John O’Connell, PSEG vice president of transmission and distribution, on Wednesday discusses options to improve electricity reliability in the Montauk area. (Credit: Newsday / Mark Harrington)

PSEG Long Island is working from a list of five potential sites for a new electric-system substation in Montauk, including upgrading its existing facility on Fort Pond and a new site north of a town recycling center and away from homes, a PSEG official said Wednesday.

The five sites include a controversial parcel on a hillside off Flamingo Road that has drawn widespread community opposition. PSEG has stressed that its plans for the substation are far from final. The two new sites have not previously been disclosed.

“Residents have raised some valid points” about the Flamingo Road site,” said John O’Connell, PSEG’s vice president of transmission and distribution. “We know they don’t want it there.”

O’Connell said alternatives would be presented to residents in a public meeting in late February or March. Plans for a new substation, which is a facility that steps down high voltage from power plants to lower voltages used in homes and businesses, is central to PSEG’s plan to meet a growing peak load on the South Fork and in Montauk. The plan includes $513 million in upgrades throughout the Hamptons.

The Flamingo Avenue site had raised concerns about aesthetics and impacts on a water-recharge area and a Montaukett Indian burial ground. Robert Pharaoh, chief of the Montaukett Indian Nation, Wednesday said he strongly opposes disturbance of the Flamingo Road site, which sits on ground the tribe considers sacred. “I suggest they consider somewhere else,” he said.

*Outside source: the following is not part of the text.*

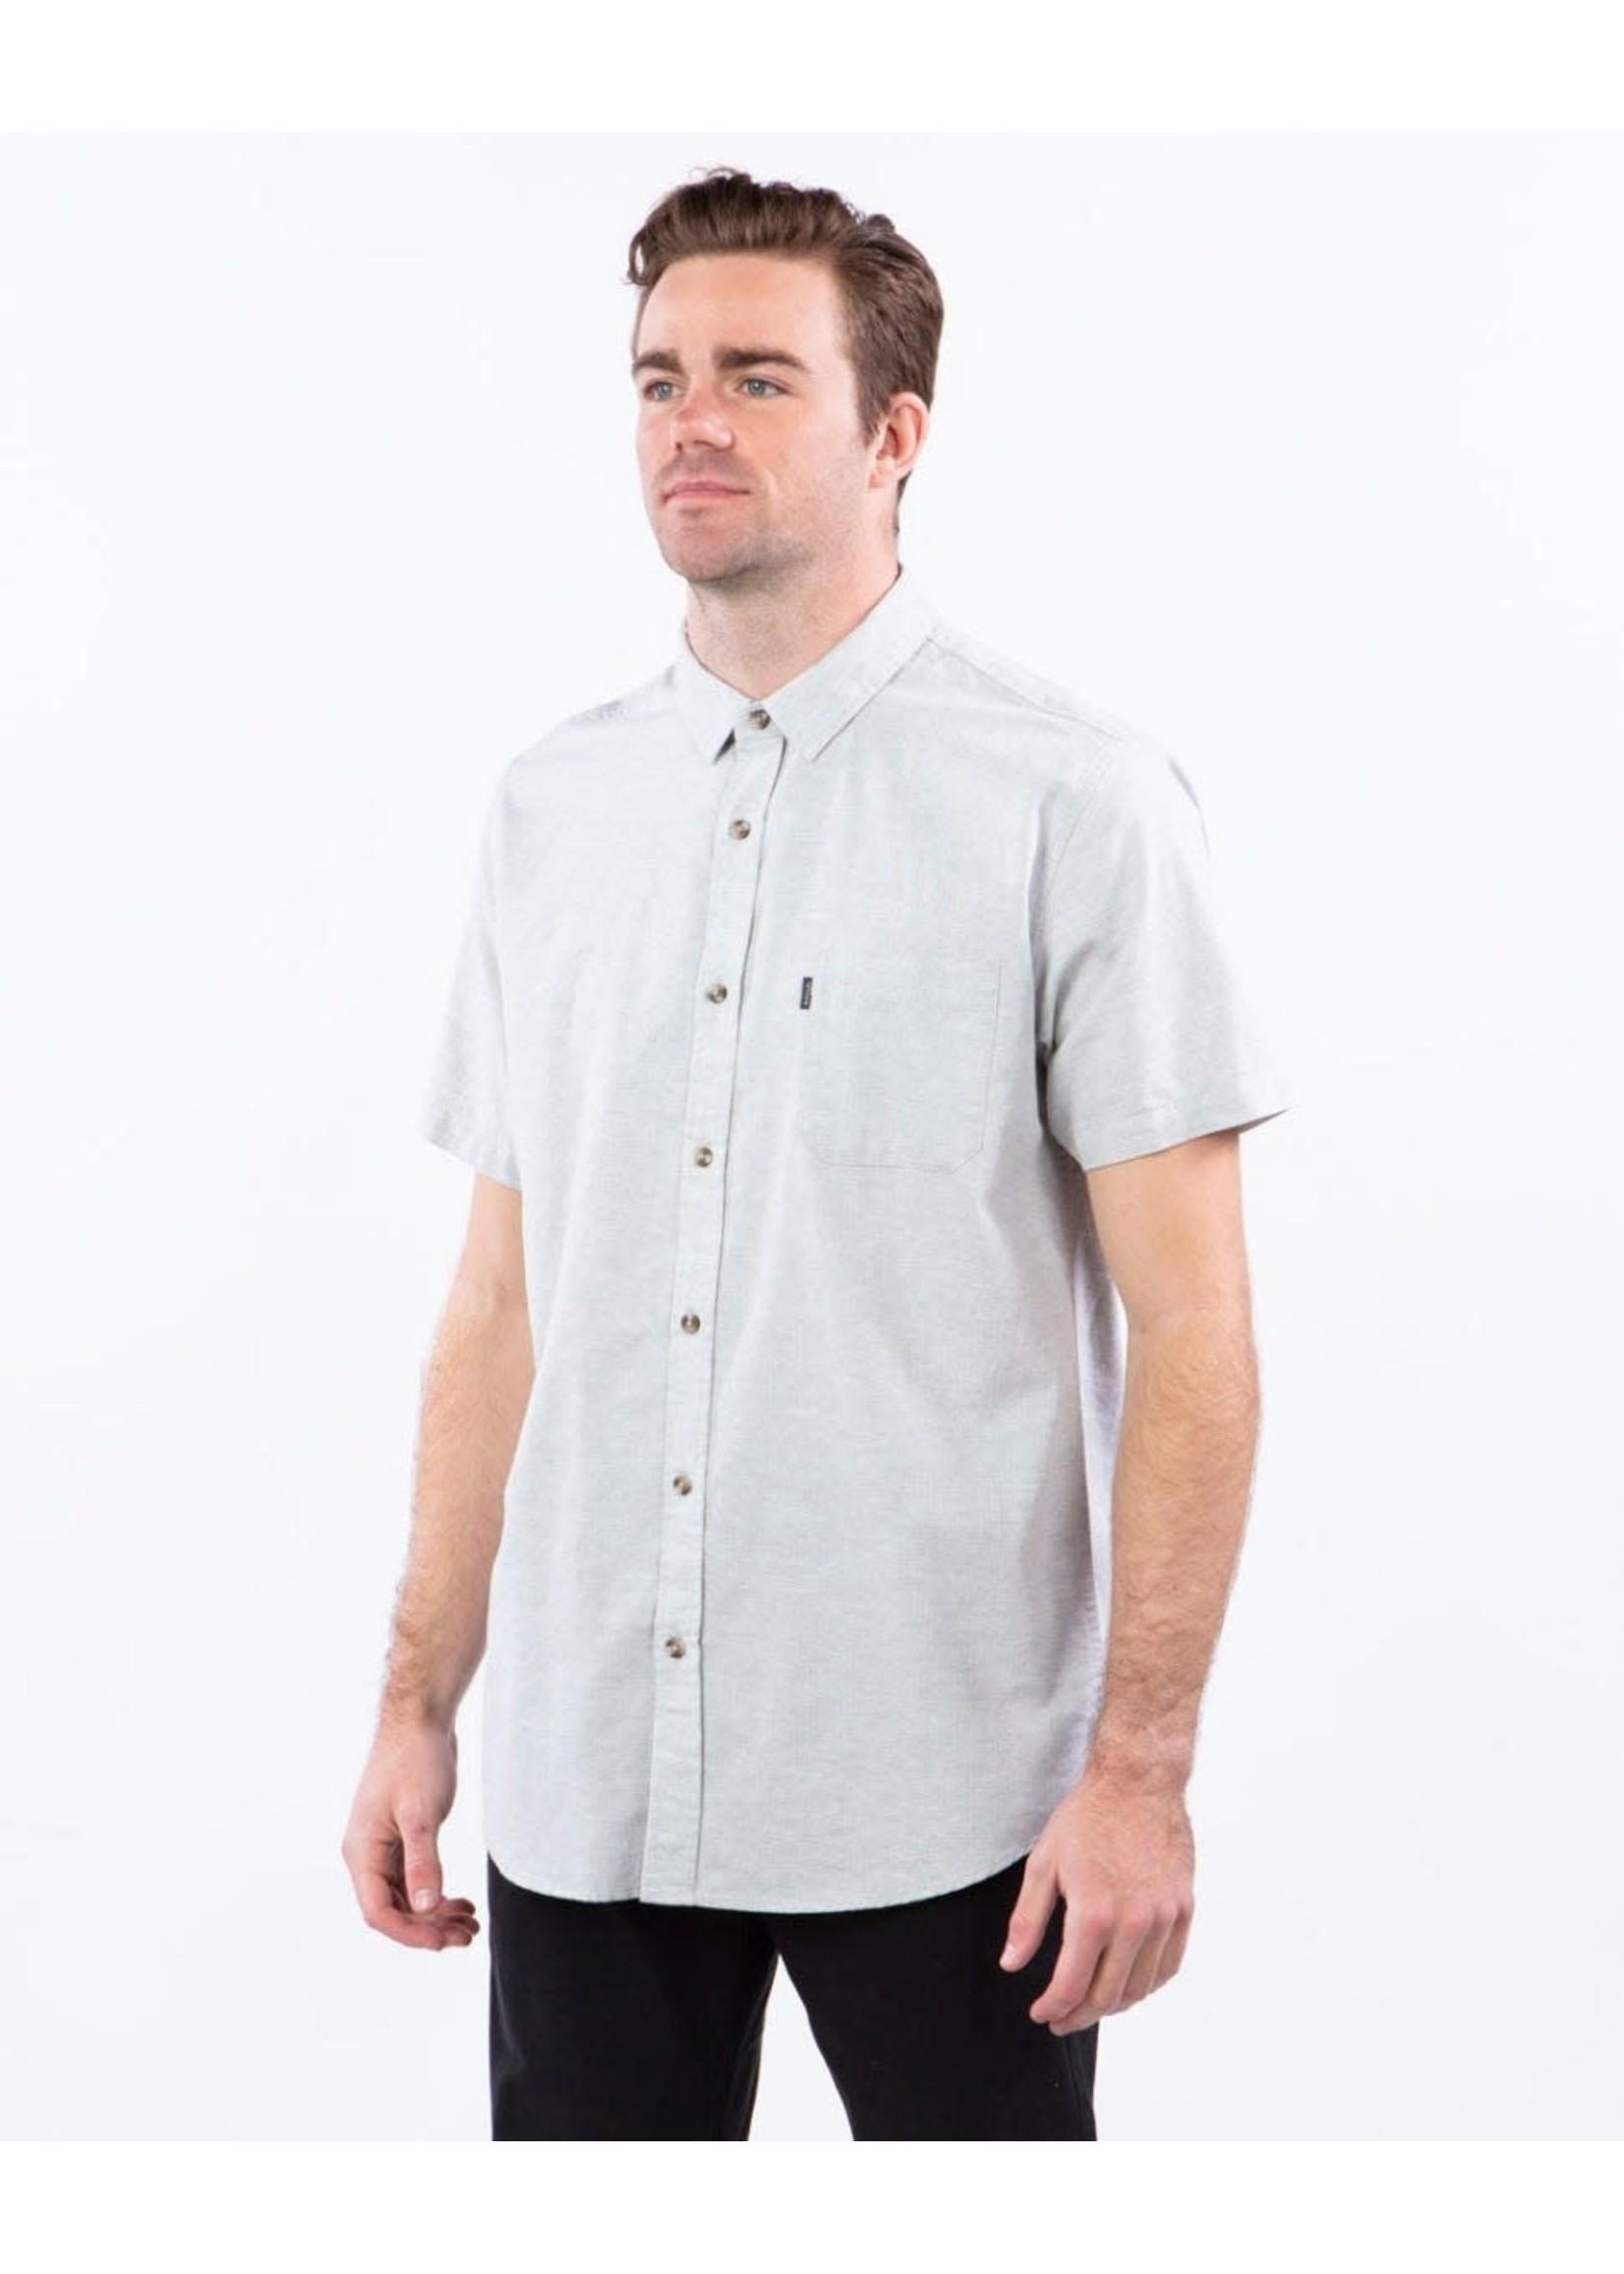 Ripcurl Ripcurl Our Time Short Sleeve Shirt

Building on the existing substation site, which sits on a parcel that juts out into Fort Pond on Industrial Road, doesn’t present a flooding or aesthetic issue, O’Connell said, because the utility would raise the facility up to 12 feet. The utility also can design the site, at any location, so that the equipment is hidden inside a closed structure, even one that looks like a residence.

Told of PSEG’s consideration of new alternatives, Shaun de Jesus, who is leading opposition to the Flamingo Road site, called it a “hugely positive” development. He said the site north of the recycling center was “the best possible site.” A spokesman for Suffolk County, which owns that site, didn’t immediately respond to a request for comment. Other sites include a LIPA-owned lot on Shore Road beside a storage battery, and the recycling center on a former landfill. 

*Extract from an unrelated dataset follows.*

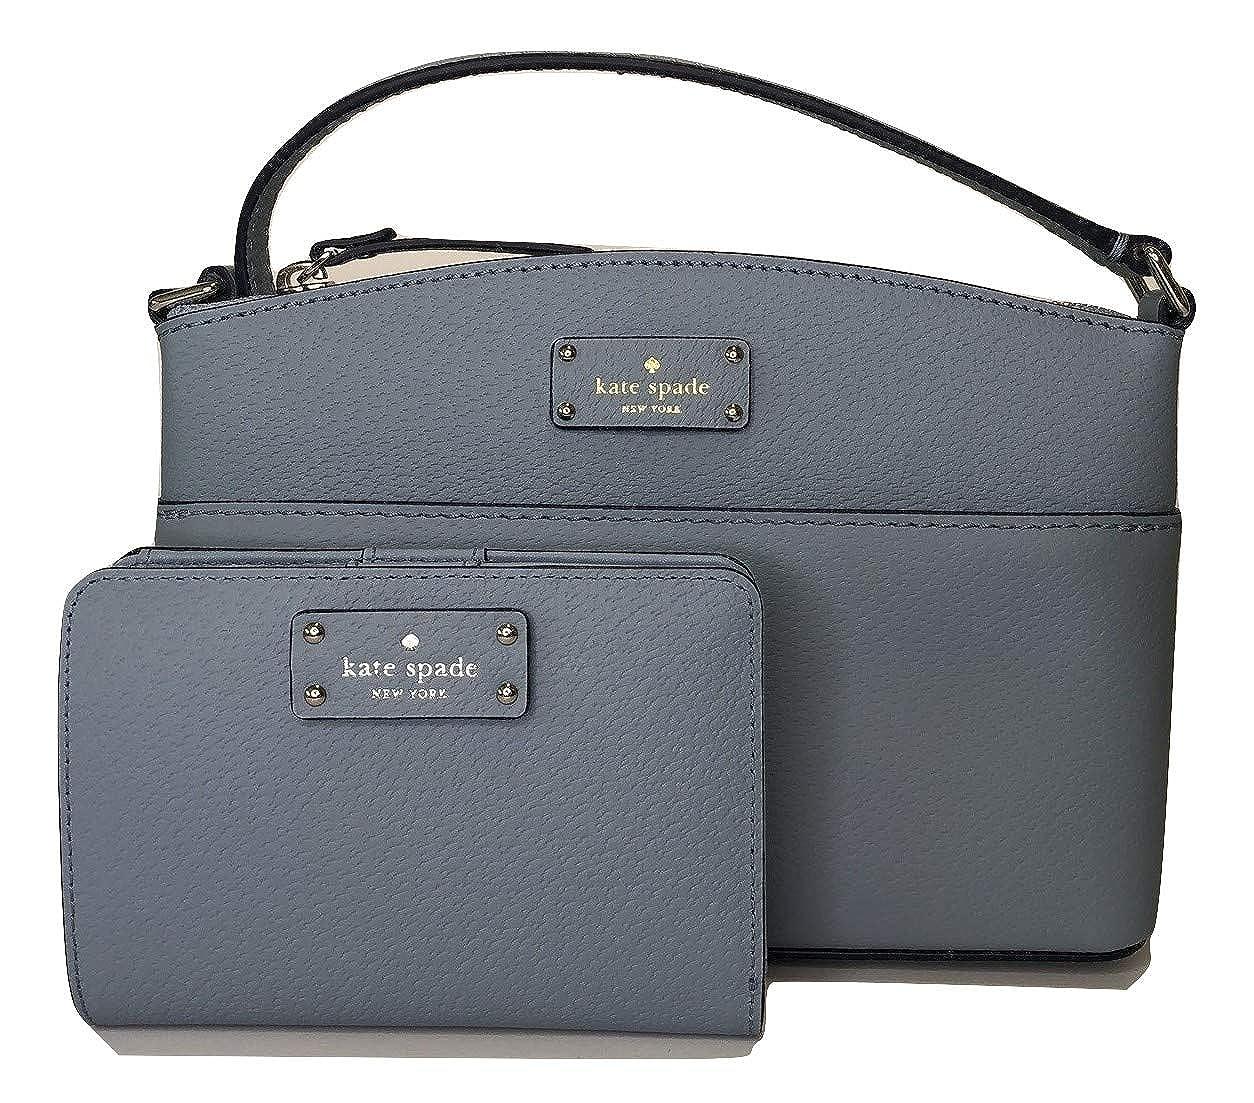 e3f8ebb62da71 Amazon.com  Kate Spade Grove Street Millie Crossbody Handbag bundled with  matching Tellie Card Wallet (Blue Dawn)  Shoes

The plan to build a new substation in Montauk is part of PSEG’s $513 million plan to upgrade the entire South Fork grid to address a growing peak load. While the rest of Long Island is seeking peak-load reductions, the South Fork has been growing by more than 2 percent a year, and could see that increase to as much as 2.6 percent over the next decade, said Anie Philip, director of transmission and distribution planning.

Montauk is “not only bucking the trend on Long Island, it’s bucking the trend everywhere,” said PSEG spokesman David Gaier.

In Montauk, PSEG plans to upgrade a current 4,000-volt distribution network with a 13,000-volt network, while the transmission grid into substations will be upgraded to 33,000 volts from a current maximum 23,000 volts.

While most of the Montauk grid is 50 to 100 years old, it’s not age that necessitates its replacement but higher peak usage, Philips said, with long summer peaks between 1 p.m. and 9 p.m. PSEG has enacted peak-power reduction programs on the South Fork, but they’ve cut peak only around 2 megawatts last year and an expected 7-8 megawatts this year, Philip said.

“It did help us delay some of the work, but it wasn’t enough to forever delay it,” O’Connell said.

O’Connell said newly installed 5-megawatt battery storage unit on Shore Road and temporary generators brought in for the summer helped the company forestall the need for upgrades, but the long-term trend necessitates a new substation and greater capacity on the power lines.